If it sounds like fun and games, it is, but it’s also rehabilitation. We just do it a little differently. Activity-based therapy, while more fun, is intended also to help clients see the little things they can and should be doing.
With activity-based rehab (rather than, say, sets of squats), the lessons you discover are more obviously applicable, and easier to practice throughout the day.
“Every time you do a sit-to-stand, be on both legs, because they’ll sit-to-stand umpteen times during their day when they go to the kitchen, the bathroom, their bed for a nap,” Teresa says. “They’re up and down. So it’s those little practice things that you can educate them about.”
The skating offered an opportunity for his therapists to point out to him how much he was favouring his left leg over his right, and to encourage him to practice at home. If you’re standing, stand on both legs. If you’re going up the stairs, step with both legs equally. For Eddie, the motivation to practice at home might be to improve his skating, but for his therapists, the skating is a way to motivate him to improve his walking, which, though not as fun, is a more useful skill.
But human nature, for a lot of us, is to use our strong side. When you’re kicking the soccer ball around with your kids, you kick with your strong foot. When you’re throwing the football, you throw with your strong arm. For Eddie to get better, he has to choose to throw with his weak arm, and kick with his weak leg, which is the case for many of our clients. Would you do it?
“All the people who nagged him (his therapists), hopefully once in a while he hears our voices in his head saying ‘use your right side!’ That’s what we want,” Teresa says. And, even if he doesn’t always choose his weak side, “at least he now has the toolkit and the knowledge to recognize it.”

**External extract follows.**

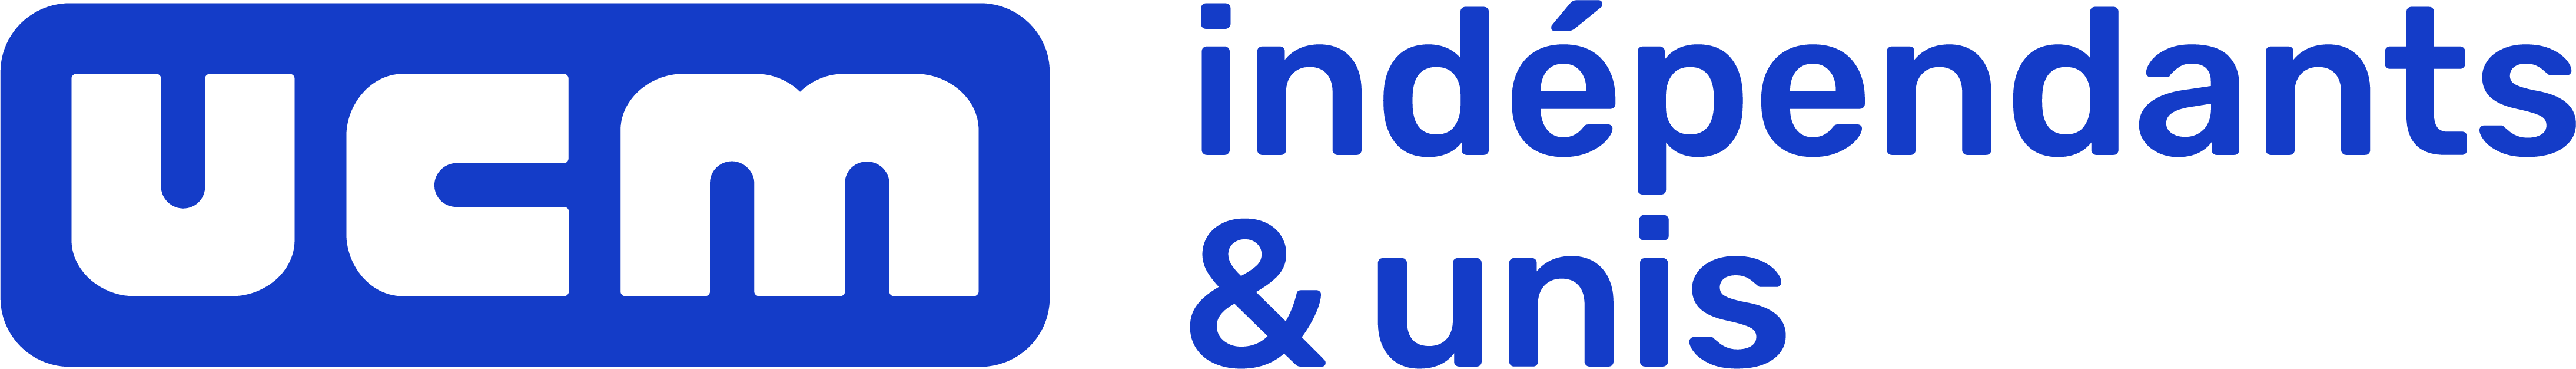 Ucm 2021 logo

Teresa might tell you that effective rehab is about tough love. In Eddie’s own words: “ARBI is 98 per cent loving people, two per cent doing time.”
Now, in a lot of ways, it’s up to him. He’s got his driver’s license again and is back behind the wheel. He rides his new bike, and walks over to the neighbourhood pub every Saturday to sing karaoke, so an active and involved life is there for the taking.
Judging by the size of the smile when he rides that bike, or scores a goal top shelf on his under-protected volunteer, or rustles the hair of his young son, Riley, life can be enjoyed, too.
Eddie has a saying that he uses often to describe where he’s at: “I’m not done yet.” Typically understated, the obvious connotation is that, hopefully, we’re never done.